You can install it, assuming a live internet connection,
by typing:
\begin{fullwidth}
\begin{Schunk}
\begin{Sinput}
remotes::install_github('jhmaindonald/DAAGviz',
build_opts=c("--no-resave-data",
"--no-manual"))
\end{Sinput}
\end{Schunk}
\end{fullwidth}
Assuming that the {\em DAAGviz} package has been installed, it can be attached thus:
\begin{Schunk}
\begin{Sinput}
library(DAAGviz)
\end{Sinput}
\end{Schunk}
Once attached, this package gives access to:
\begin{itemizz}
\item[-]
Scripts that include all the code. To access these scripts do, e.g.

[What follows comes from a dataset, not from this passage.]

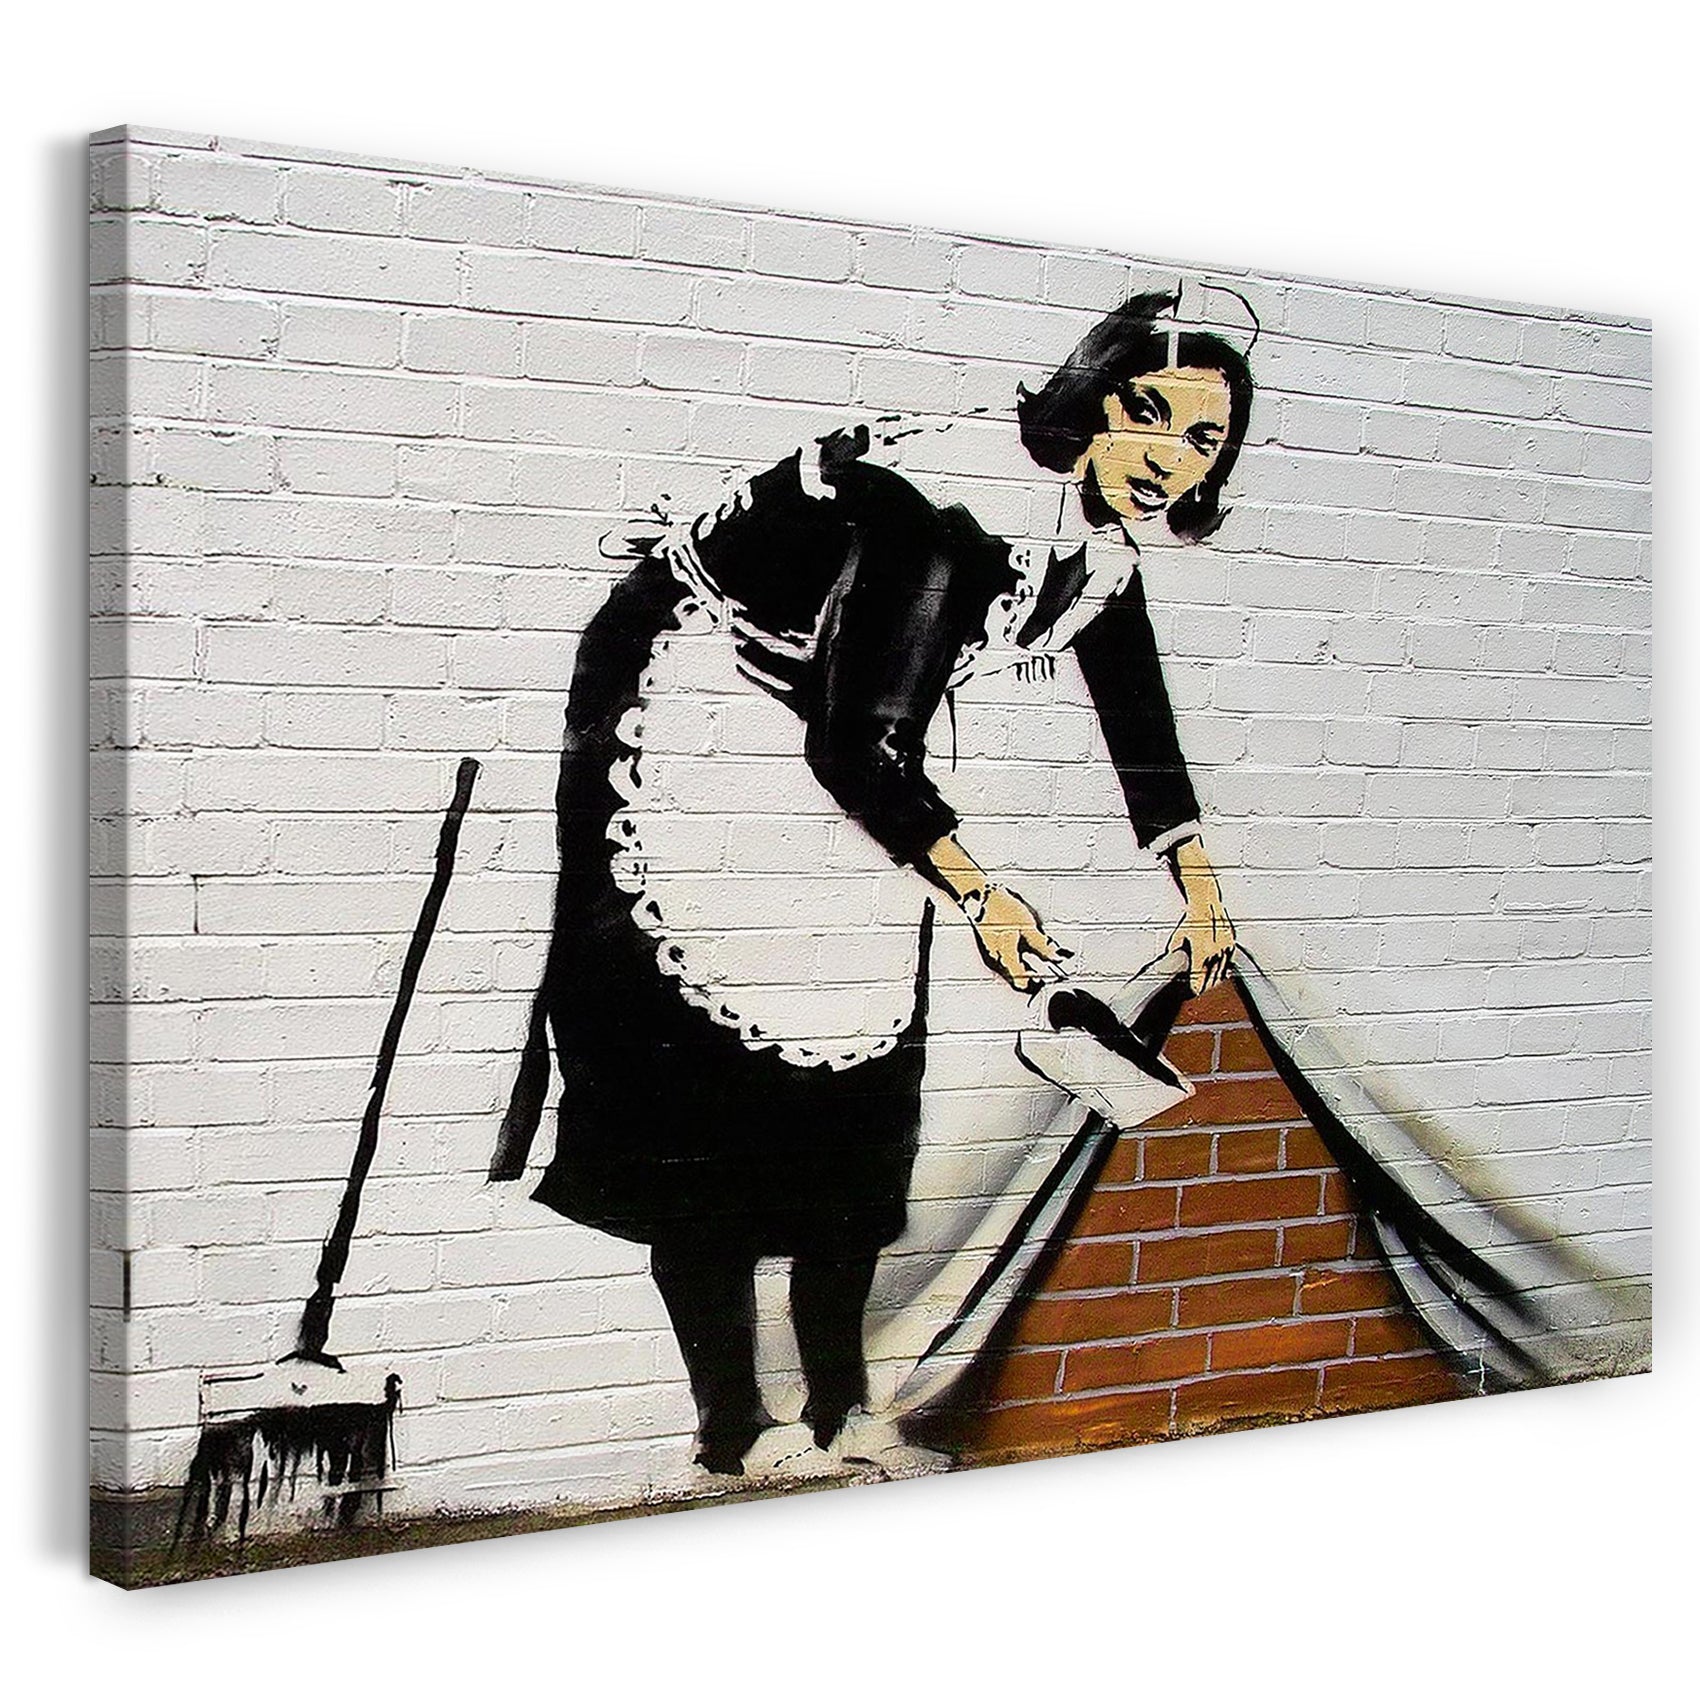 Leinwandbild Banksy - Putzfrau kehrt Dreck unter Wand-Bemalung Graffiti Street Art

\begin{marginfigure}[66pt]
More succinctly, use the function \margtt{getScript()}:\\[-3pt]
\begin{Schunk}
\begin{Sinput}
## Place Ch 5 script in
## working directory
getScript(5)
\end{Sinput}
\end{Schunk}
\end{marginfigure}
\begin{Schunk}
\begin{Sinput}
## Check available scripts
dir(system.file('scripts', package='DAAGviz'))
## Show chapter 5 script
script5 <- system.file('scripts/5examples-code.R',
package='DAAGviz')
file.show(script5)
\end{Sinput}
\end{Schunk}
\item[-]
Source files (also scripts) for functions that can be used to
reproduce the graphs. These are available for Chapters 5 to 15
only. To load the Chapter 5 functions into the workspace,
use the command:
\begin{marginfigure}[54pt]
More succinctly, use the function \margtt{sourceFigFuns()}:\\[-3pt]
\begin{Schunk}
\begin{Sinput}
## Load Ch 5 functions
## into workspace
sourceFigFuns(5)
\end{Sinput}
\end{Schunk}
\end{marginfigure}
\begin{Schunk}
\begin{Sinput}
path2figs5 <- system.file('doc/figs5.R',
package='DAAGviz')
source(path2figs5)
\end{Sinput}
\end{Schunk}
\item[-] The datasets \code{bronchit}, \code{eyeAmp}, and
\code{Crimean}, which feature later in these notes.
\end{itemizz}
\newpage
\subsection*{Alternative sources for some datasets}
\marginnote{At courses where these notes are used, these will
be provided on a memory stick.}
{\color{gray40}
The web page \url{http://maths-people.anu.edu.au/~johnm/} may in a few cases
be a convenient source for datasets that are referred to in this text:
\begin{itemizz}
\item[-]
Look in \url{http://maths-people.anu.edu.au/~johnm/r/rda} for
various image ({\bf .RData}) files.\sidenote{{\em Image} files hold
copies of one or more R objects, in a format that facilitates rapid
access from R.} Use the function \code{load()} to bring any of these
into R.
\item[-] Look in \url{http://maths-people.anu.edu.au/~johnm/datasets/text}
for the files {\bf bestTimes.txt}, {\bf molclock.txt}, and other such
text files.
\item[=] Look in \url{http://maths-people.anu.edu.au/~johnm/datasets/csv}
for several {\bf .csv} files.
\end{itemizz}
\vspace*{-9pt}
}
\subsection*{Asterisked Sections or Subsections}
Asterisks are used to identify material that is more technical or
specialized, and that might be omitted at a first reading.